Summary: Enterococcus spp. have emerged as a leading causative strain of postoperative endophthalmitis in 11-year clinical data. We suggest that the increase of Enterococcus spp. is associated with the selection pressure of fourth-generation fluoroquinolone.

Introduction

Postoperative infectious endophthalmitis (PE) is the most devastating complication after intraocular surgery. Cataract surgery is the most common cause of PE. In a recent large meta-analysis, the incidence of PE ranged from 0.012% to 1.3% [Citation1,Citation2]. Infectious endophthalmitis is initiated by the entrance of microorganisms into the intraocular space, and the type of microorganism is a critical factor in determining visual outcome [Citation3,Citation4].

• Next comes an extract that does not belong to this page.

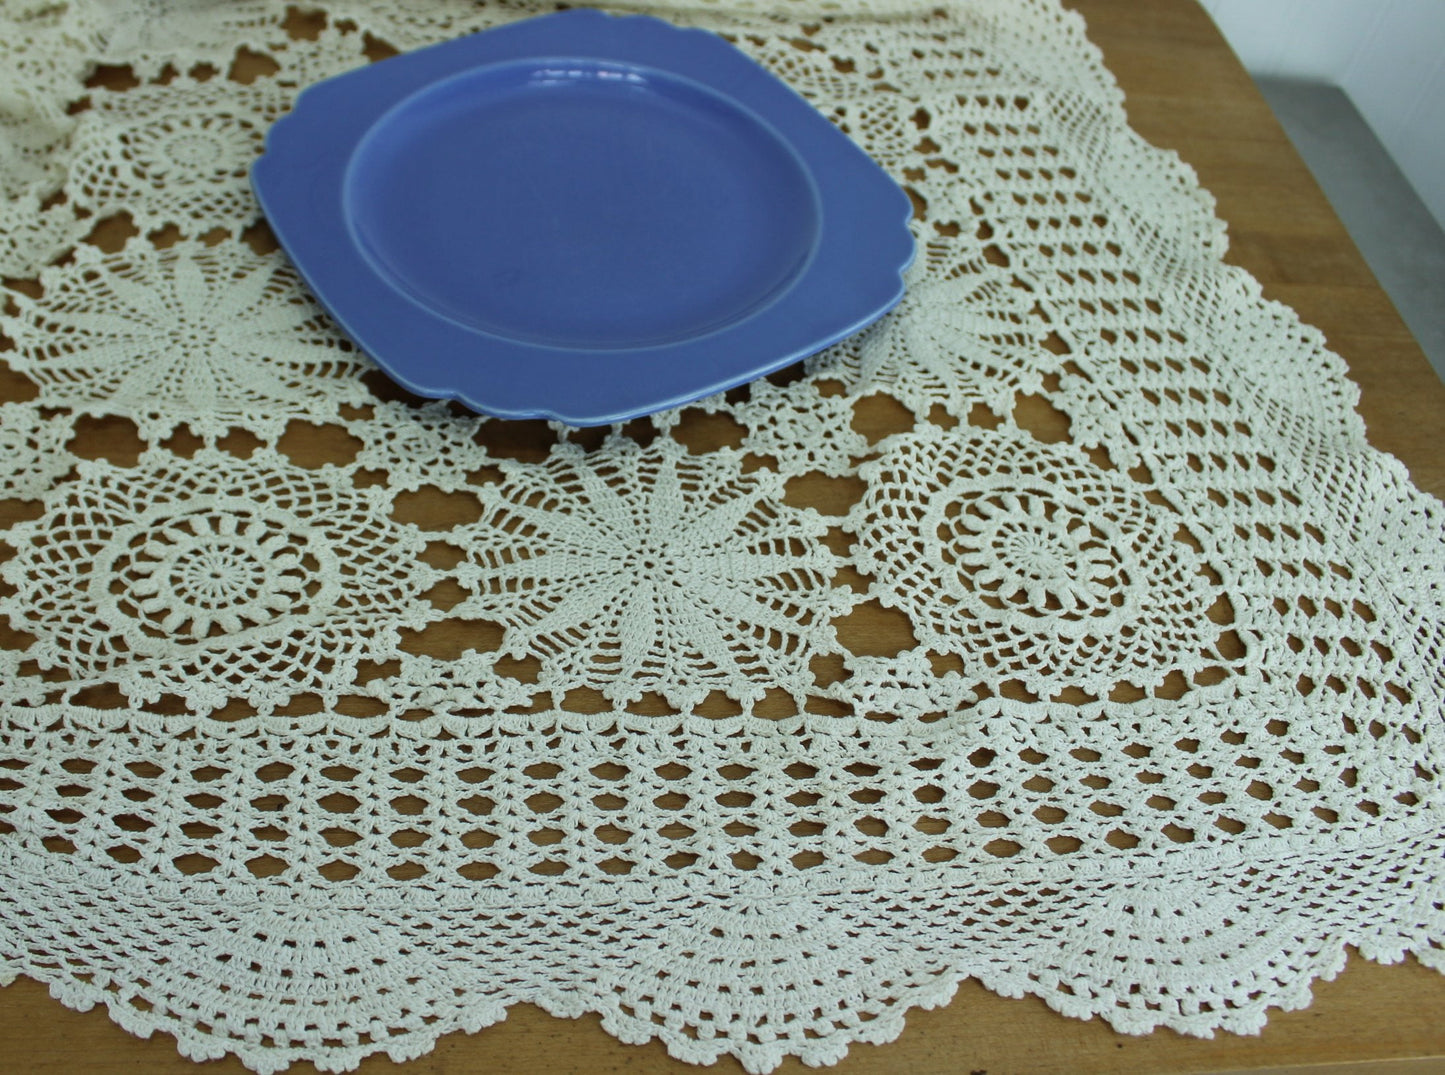 Cotton Lace Bed Coverlet or Tablecloth - Variety Crochet Medallions ~ 85" X 108" holiday table decor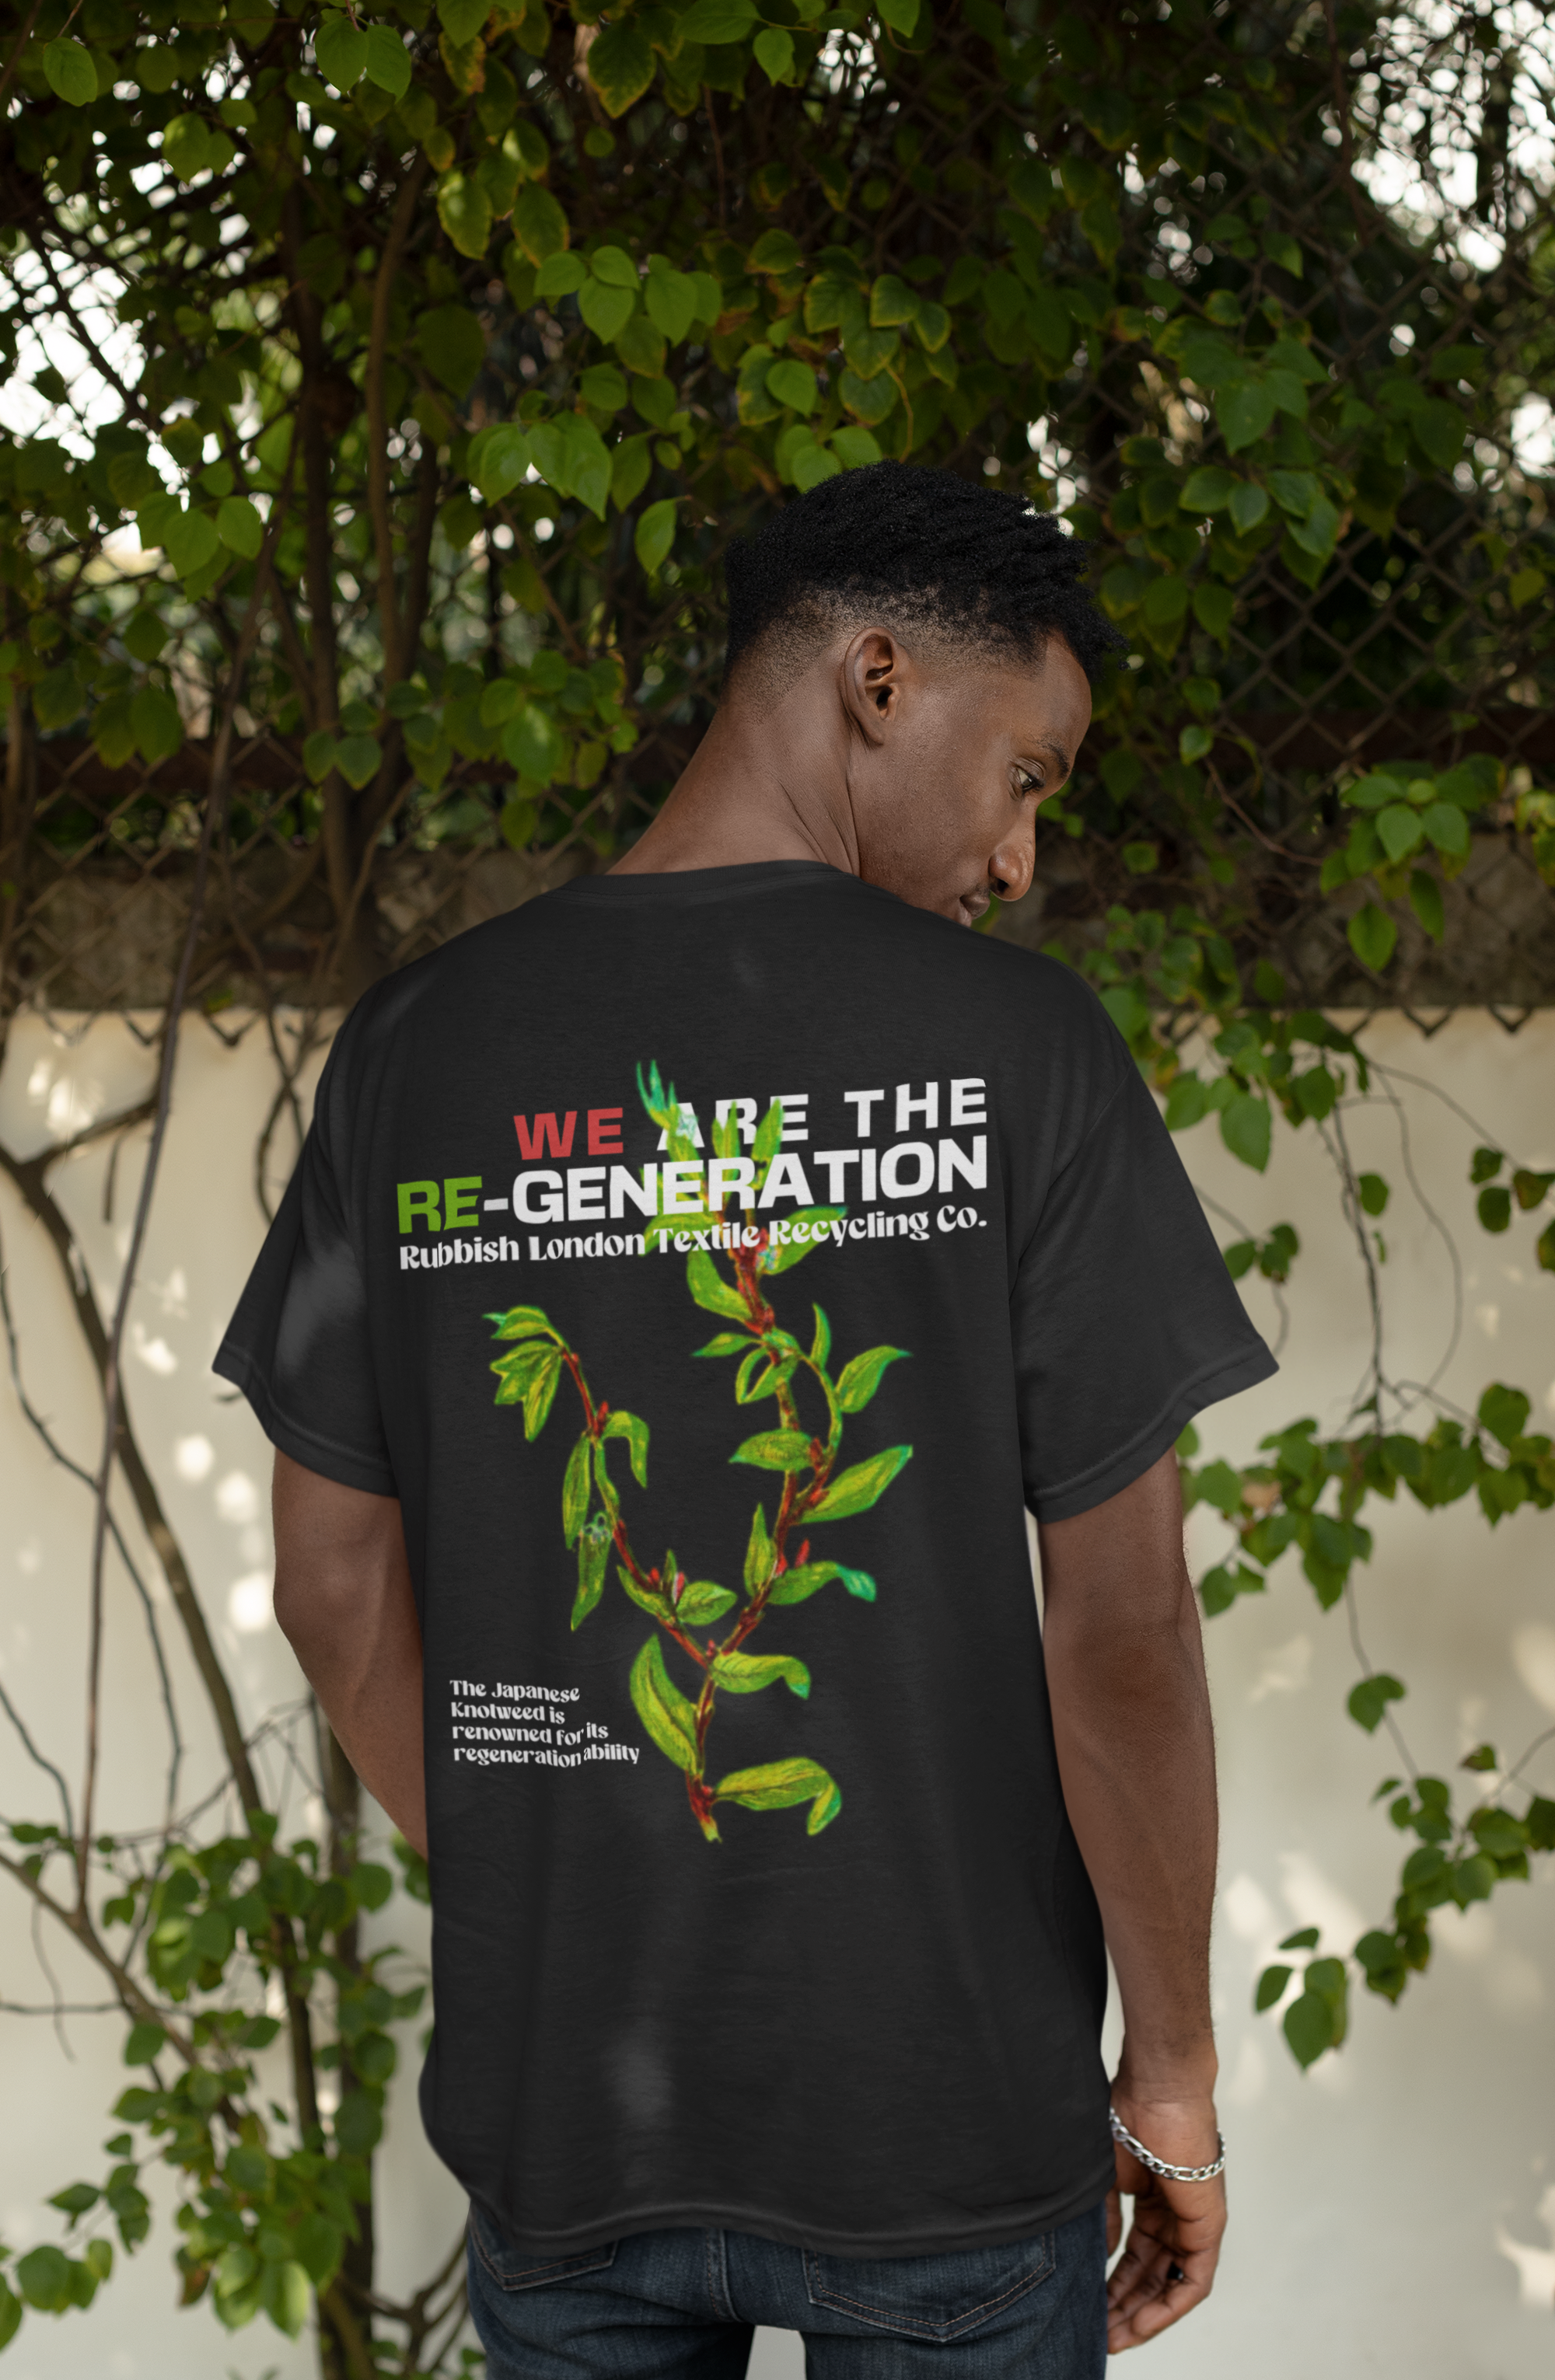 We are the Re-Generation Trash T-Shirt.

So far, the most frequent causative strain of PE has been known as coagulase negative staphylococci (CNS), including Staphylococcus epidermidis [Citation5,Citation6]. Recently, Enterococcus spp. have emerged as a major causative strain of PE in Sweden, Korea, and Taiwan [Citation4,Citation7,Citation8]. The reason underlying the increase of Enterococcus spp. has not been fully understood, but several studies speculated that an important contributory factor might be the selection pressure from increased consumption of broad-spectrum antibiotics perioperatively [Citation4,Citation9,Citation10]. Enterococcus spp. are of particular clinical importance because they cause a fulminant and destructive disease course and poor visual outcomes [Citation11–13]. Therefore, the emergence of Enterococcus spp. as a major cause of PE would negatively impact the expectations for visual outcomes.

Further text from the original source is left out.